Another much-awaited premiere was Superpower, a documentary about the war in Ukraine directed by Sean Penn and Aaron Kaufman. Penn is on camera, in situ, talking about the war with President Volodymyr Zelenskyy (a fellow performer) and with Ukrainians you’ve never heard of, some of whom tell you things many of us won’t know. Penn, with soldiers and his crew, tours a damaged Kiev and ventures out toward the front lines. The film ends as Penn, who saw fictional combat in The Thin Red Line, gets the “ground truth” he sought and recognizes just how much murderous damage the Russian invasion has done to Ukraine so far.

The deadly threat to Ukraine is as great as ever, and the country needs every friend it can get, especially if the friend is a Hollywood celebrity who can attract audiences. Zelensky and company know that well, and are grateful to Penn for his support.

If there is a recurring image in Superpower, besides the ravaged Ukrainian landscape, it is Penn’s weathered face, stricken here by what he’s seeing and learning. In a film that tells its stories through conversation rather than reporting, the camera cuts away to Penn grimacing as if he’s the one who is battle-weary.

Still, you get the feeling that the only person learning anything in Superpower is Sean Penn. The German broadcaster Deutsche Welle called the film “The Idiot’s Guide to Ukraine.” If that’s the case, then Penn is taking his own tortured journey of discovery through what is now familiar territory to anyone with access to the internet. Who will show Superpower and who will watch it? It leaves this project in an odd predicament. Could this film, from a highly visible actor, find itself without viewers?

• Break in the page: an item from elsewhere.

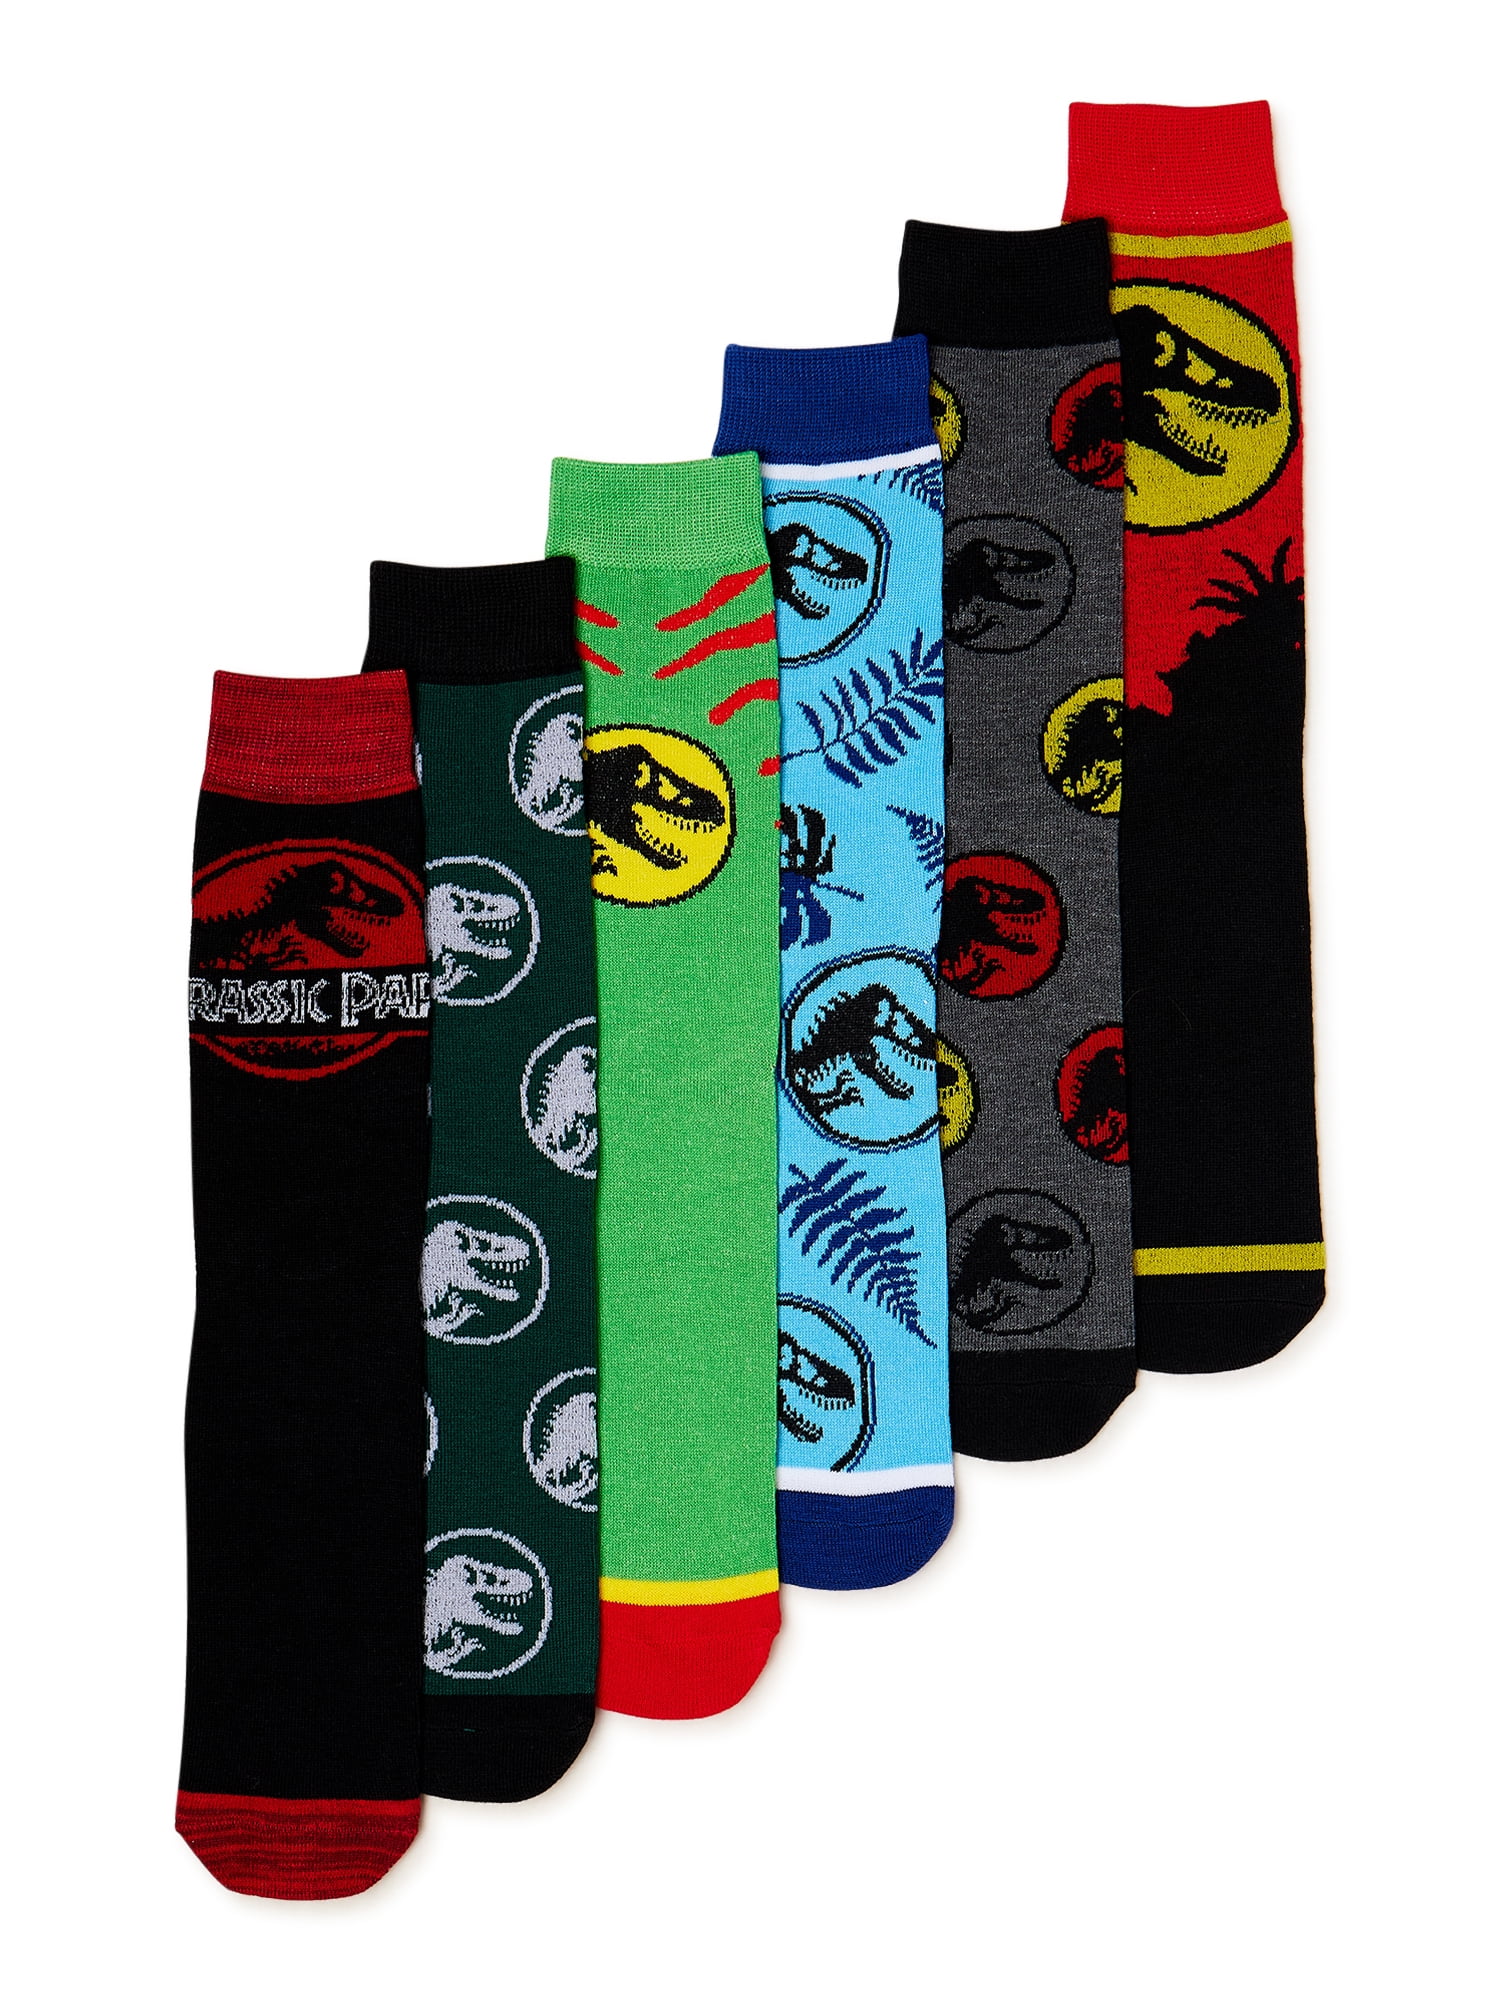 Jurassic Park Men's Crew Socks, 6-Pack
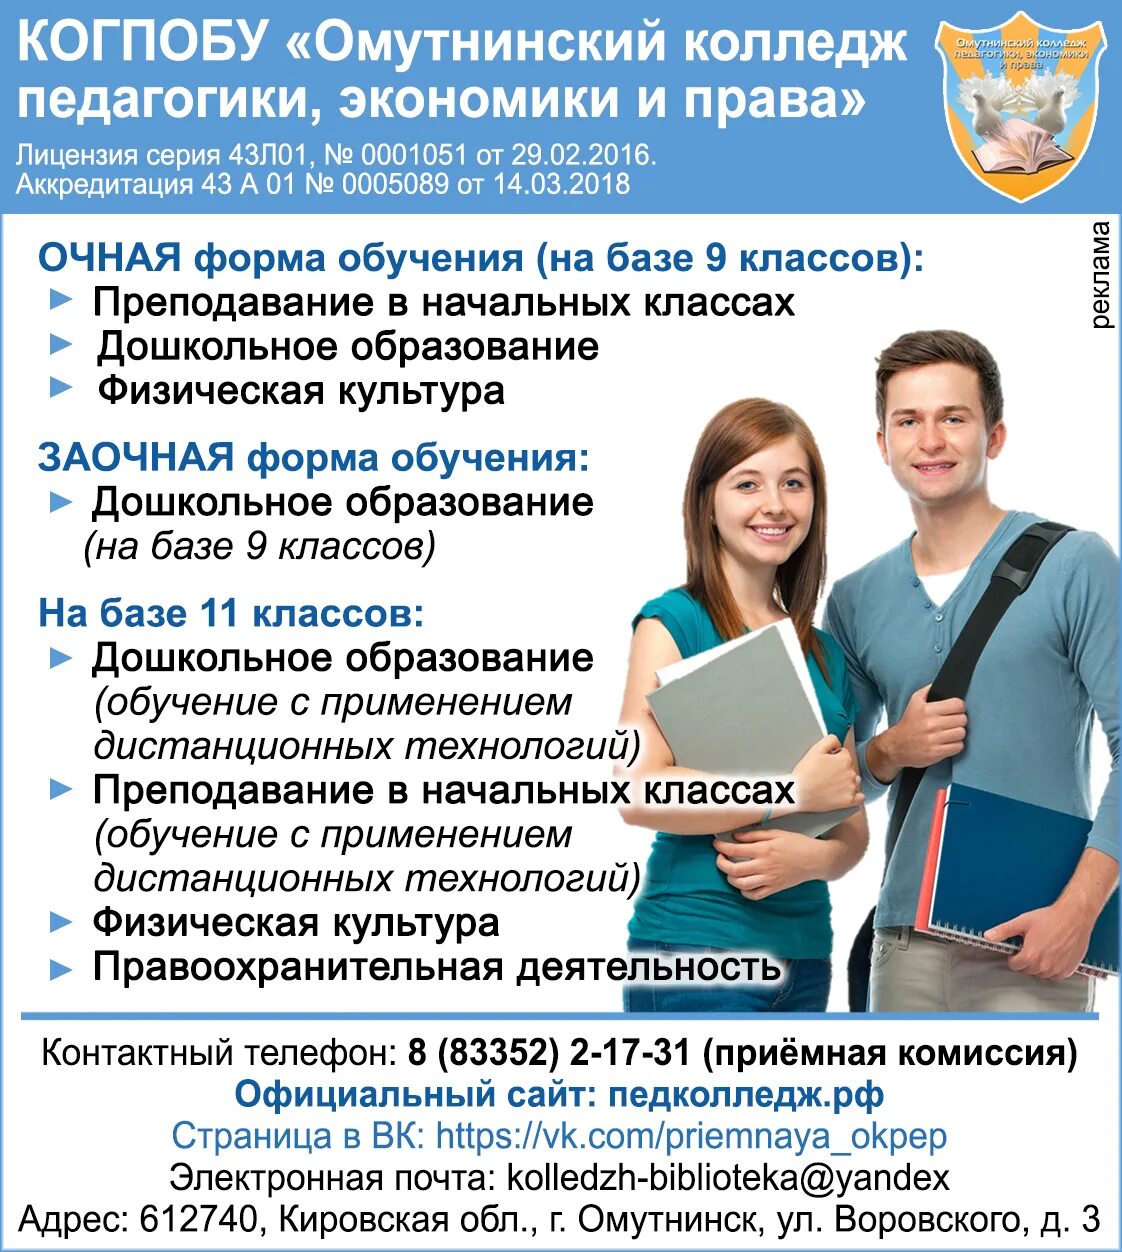 Педколледж заочно. Педагогический колледж Омутнинск.

A scene from Iron Butterflies.

Another film from Ukraine in Berlin was Iron Butterflies, Roman Liubiy’s wryly satirical look back at the politics of the country’s war over the last decade. The point of departure here is the downing of a Malaysian Airlines flight over eastern Ukraine on July 17, 2014, killing all 298 aboard. The plane, targeted by pro-Russian separatists, was shot down (perhaps accidentally) by a Russian missile. One self-serving excuse is that a trigger-happy, and possibly drunken, missile crew didn’t know that they were shooting down a commercial airliner at more than 30,000 feet. The word issued by Moscow was that it was the work of the CIA. The evidence produced by a Dutch investigation of the flight that originated in Amsterdam pointed to Russia. Still, the official lies intensified. Liubiy serves up an odd — but persuasive — cocktail of heartfelt mourning interlaced with mockery of Moscow’s unceasing propaganda. Using dark humor that brings emotional relief won’t come as a surprise to audiences familiar with that part of the world. Liubiy constructs a comic collage around Russian aggression and the lies that attempt to justify it.

Iron Butterflies premiered at Sundance 2023. Look for it at film festivals.


David D’Arcy lives in New York. For years, he was a programmer for the Haifa International Film Festival in Israel. He writes about art for many publications, including the Art Newspaper. He produced and co-wrote the documentary Portrait of Wally (2012), about the fight over a Nazi-looted painting found at the Museum of Modern Art in Manhattan.